It appears that the window motor (with arm attached) that works on our (and many other teams) practice bridge may not have enough torque to push down a competition bridge.
Would anyone with actual experience with a competition bridge comment on what motor and gearing appear to have the power necessary to push the bridge down?
We weighed our bridge down more than was necessary and used the FP motor and gearbox – not only would it tip the bridge, the bridge barely slowed it down.
Mind you, we haven’t yet used it on an actual competition bridge (and that, as usual, makes me nervous), but it seems to have well more than enough torque to handle the job. (Of course, the length of your moment arm matters, too!)
We’re planning on using the KOP, Andy Mark PG71 Gearmotor with almost 3: 1 sprocket ratio ( 22 tooth on PG71 attached via chain to 60 tooth gear). 60 tooth has arm mechanism. According to specs PG-71 stall torque is nearly 16.6 ft-lbs (Andy-Mark website) . Someone calculated that 20 foot -lbs was required to tip the bridge (CD website) based on the 2 batteries and distance demonstrated in one of the FIRST kick-off videos.
So, at 60% stall torque (10 ft-lbs) * (60/22) * favorite efficiency ratio (0.8) = 21.7 ft-lbs > 20 ft-lbs should work.
Distance from center of shaft for bridge arm is 6 inches (1/2 foot) on the 60 tooth sprocket , so theorectically placing > 40 ft-lbs on bridge at 60% full torque.
We didn’t build a bridge (small team) but the bridge arm easily picks up the front end of our robot. Hope this helps.
BTW, PG71(am-0914) is powered by RS775 motor and has internal 71:1 gear set. KOP rules allow 2 units for 2012. Andy Mark also sells a 10 mm key hub that couples directly to the 10 mm output shaft (am-0985). You will need to also get a 4 mm key for the hub (am-1249).
So, for our assembly the Bill of Materials , from memory is the following:
PG71, 2) 10mm key hub, 3) 4 mm key, 4) 2 - 375 key hubs (am-0134), 5) 1 sprocket, (22 tooth - am0118), 6) 1 sprocket, (60 tooth - am0057). Need also 7) 3/8 shaft for the 2 - 375 key hubs (recommend 1 foot to start)- Andy Mark does not sell - McMaster-Carr and 8) 3/32 key stock for your 375 key hubs (am-1059, 2 pcs)
I have a second PG71 Gear motor ready to add if necessary (contingency plan).
The video said 28" to 30", so assuming 29" is the tipping point, 26" is the effective tipping point (CoG of battery isn’t at the end). Keeping in mind that the bridge rotates on the edges of the bump and not the exact center, subtract another two more inches to get 24". Two batteries are 27 lb.
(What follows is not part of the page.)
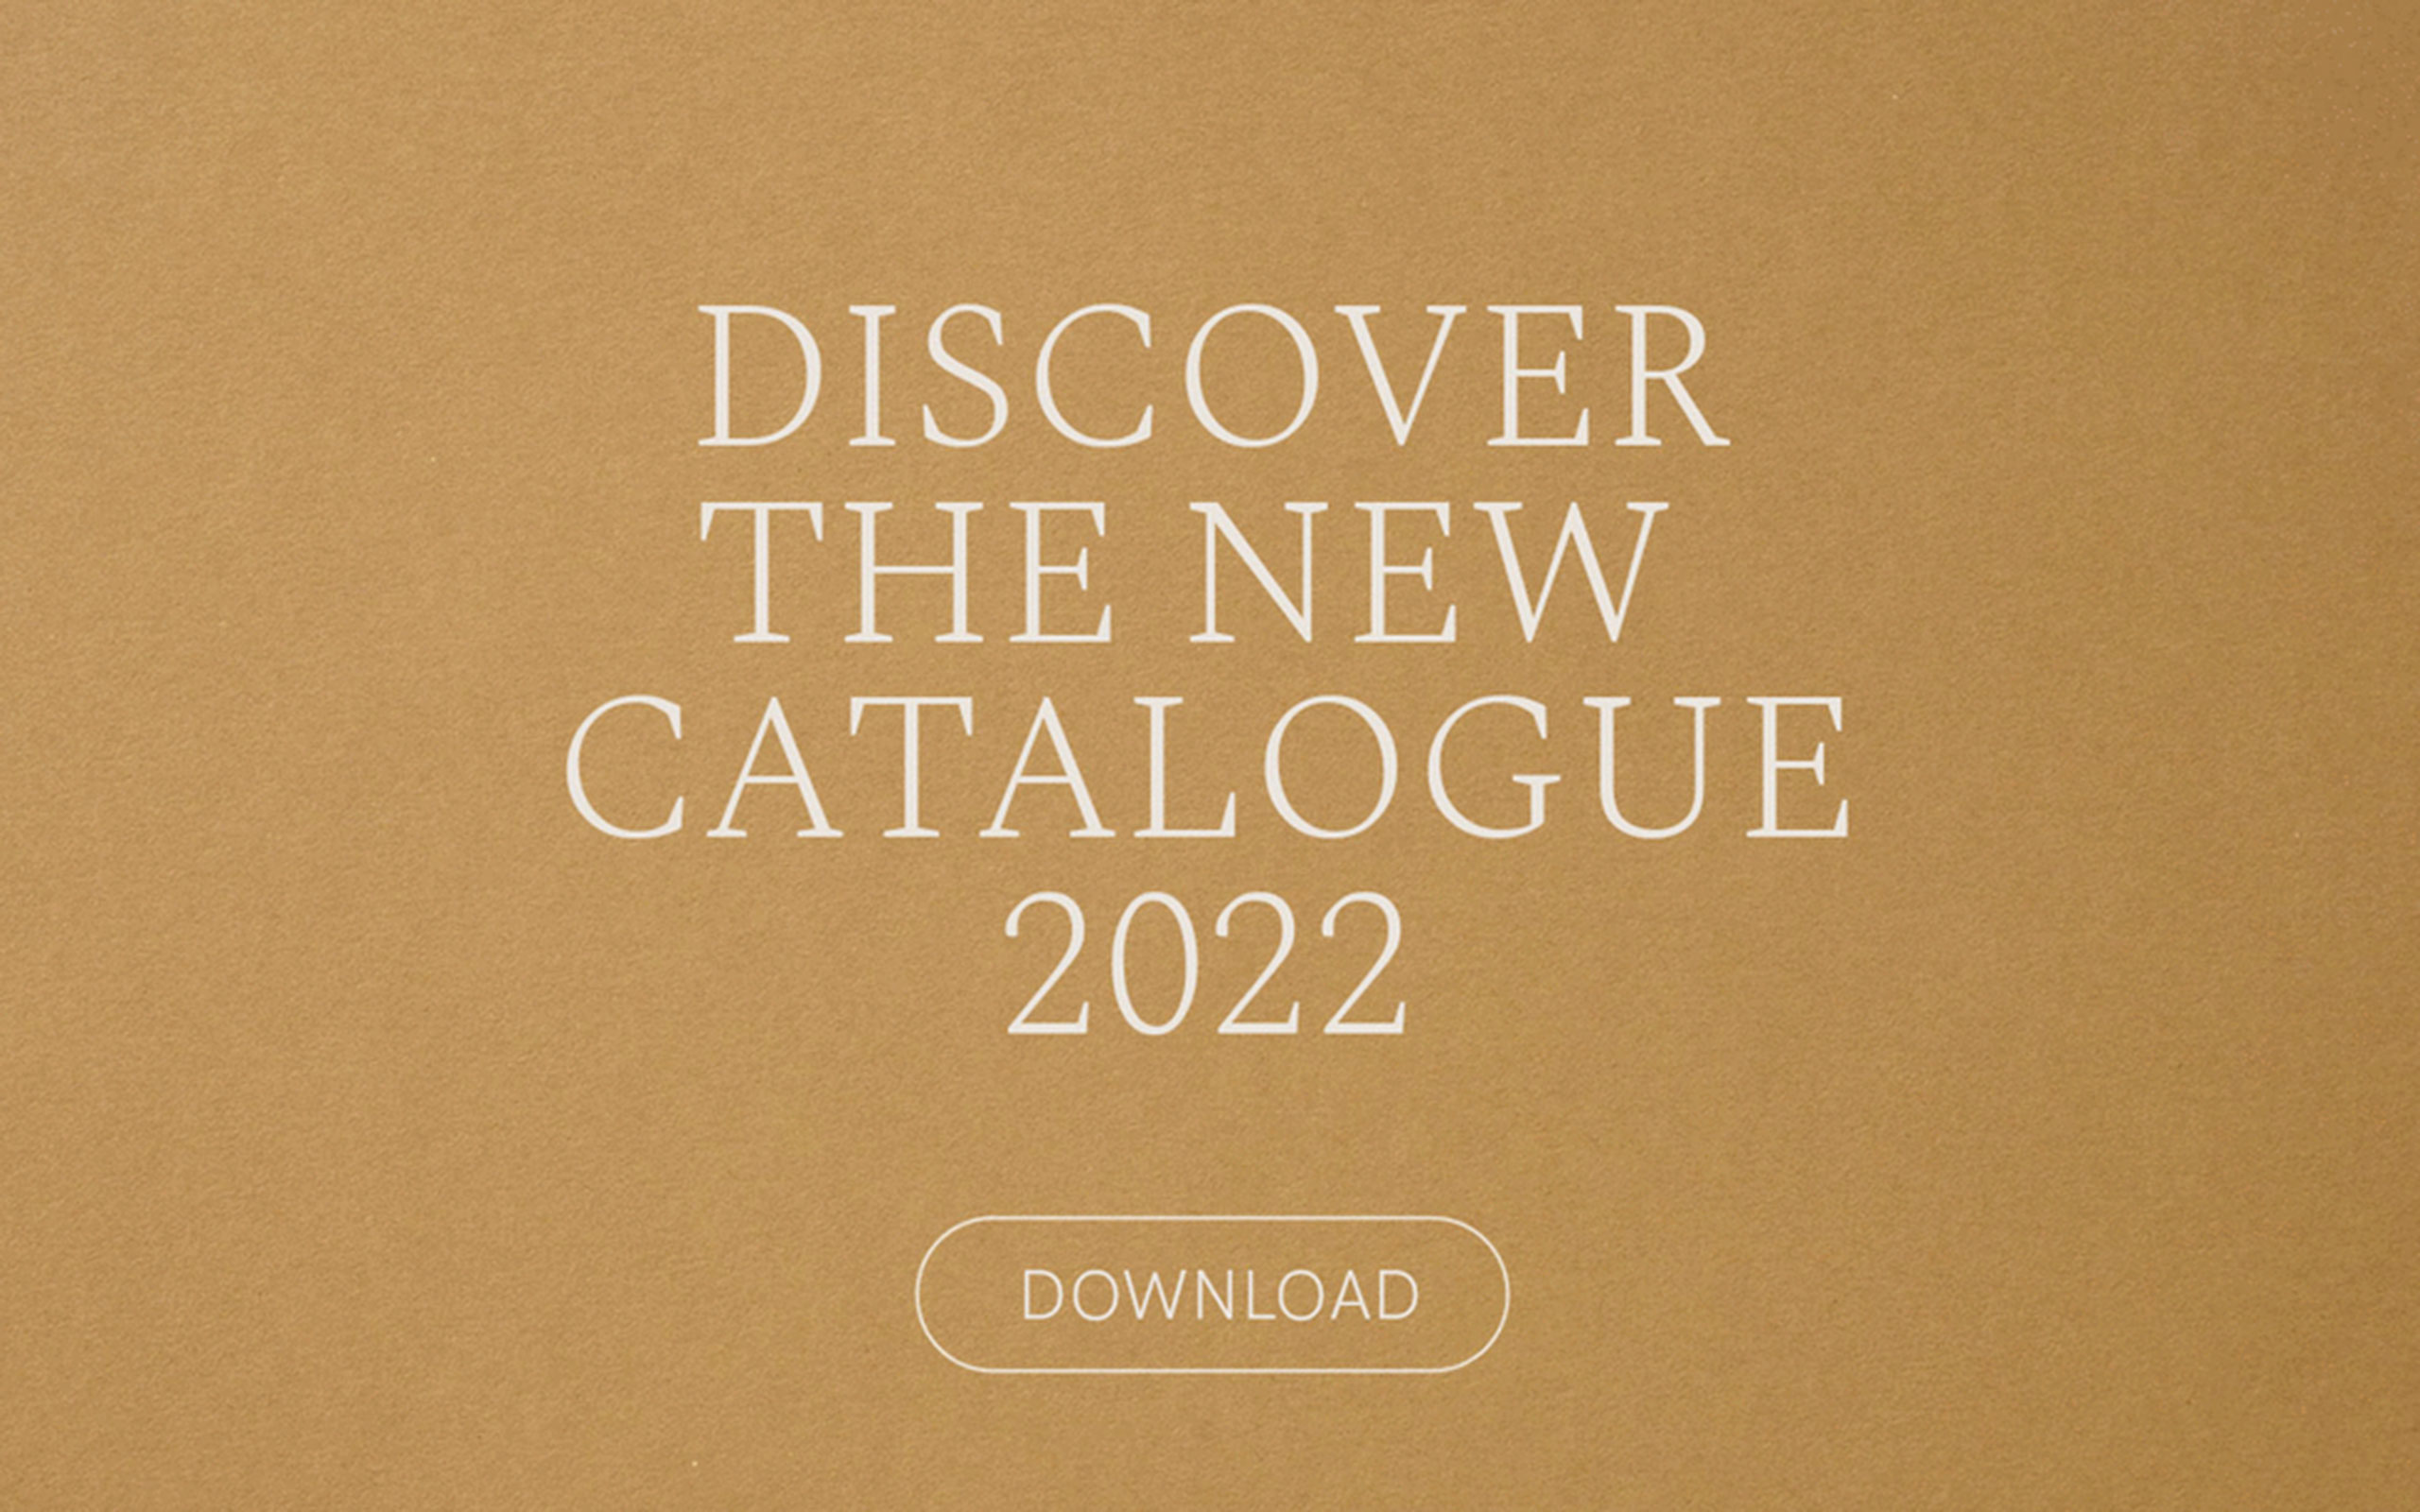 NEW-CATALOGUE-2022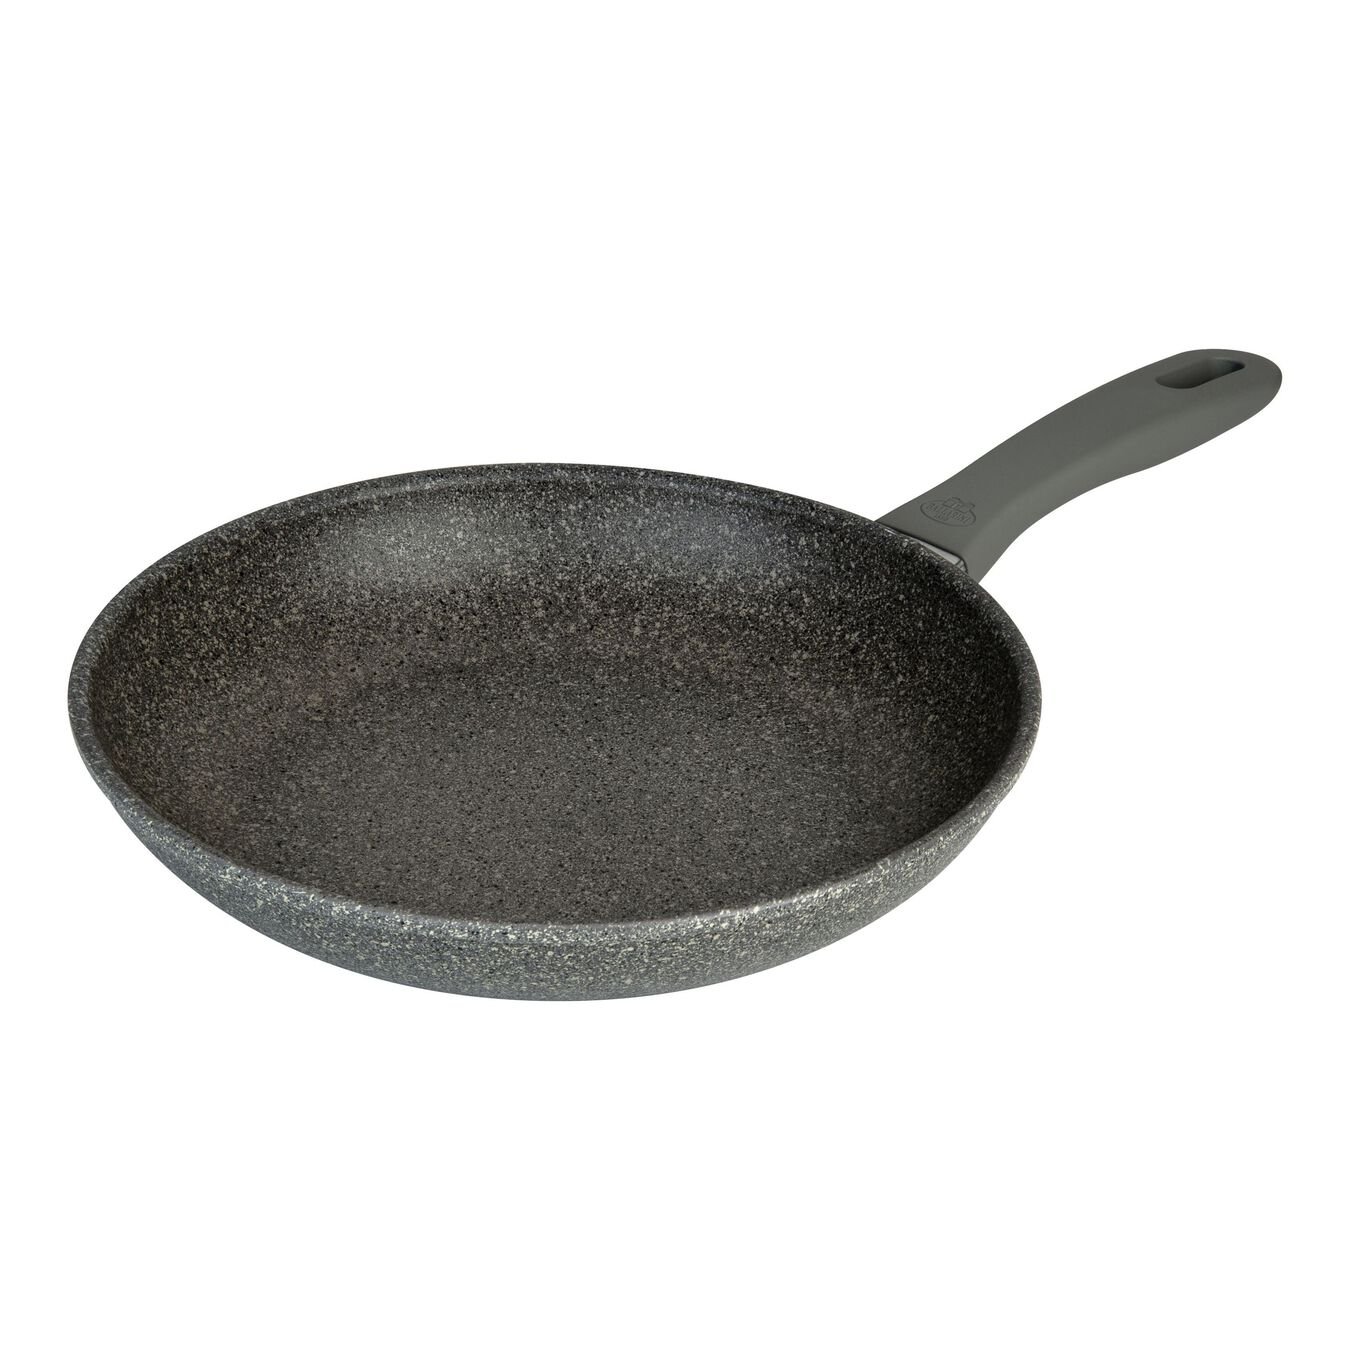 24 cm / 9.5 inch aluminium Frying pan,,large 1

That gives 27 lbf * 24" * (1’/12") = 54 lbf-ft = 648 lbf-in.
However, because of the double hinge, it’s not a perfect lever, so aim for a bit more than that.
(88"/2) - 2" = 42"; 648 lbf-in / 42 in = 15.4 lbf, so approx. 16 lbf to tip.
We were fortunate enough to travel to another teams location to practice on a competition replica bridge before the kettering event. Our original bridge arm was not strong enough. We eventually lowered the bridge by combining an andy mark PG67 gear and motor combo with a andymark tough box gearbox. the actual bridges are much harder to lower than the plywood version.
AM PG-71 with 12 tooth #35 sprocket on the output, connecting to a 60 tooth sprocket bolted to a ~26" long arm (pivot to tip, wedge shaped). Works well.
In San Diego, we were originally having issues with our ramp lowerer – which was van door motor direct drive. After adding a combination of weight, angle, and robot velocity during the match we were able to force the ramp down. When hitting the ramp, the appendage would get pushed up by the ramp typically.
If I were to rebuild it, I would probably go with the FP+gearbox or window motor to take advantage of the (locking) worm gear in combination with the angle on the appendage to slide the ramp down as the robot moves forward into it.
We are using an extendable arm that locks into a angular horn on our frame when extended. Essentially we are using the weight of our robot to push down the ramp.
I came up with pneumatic based bridge lower where piston will deploy the straight bars which will slide over the bridge to push it down with robot itself’s torque.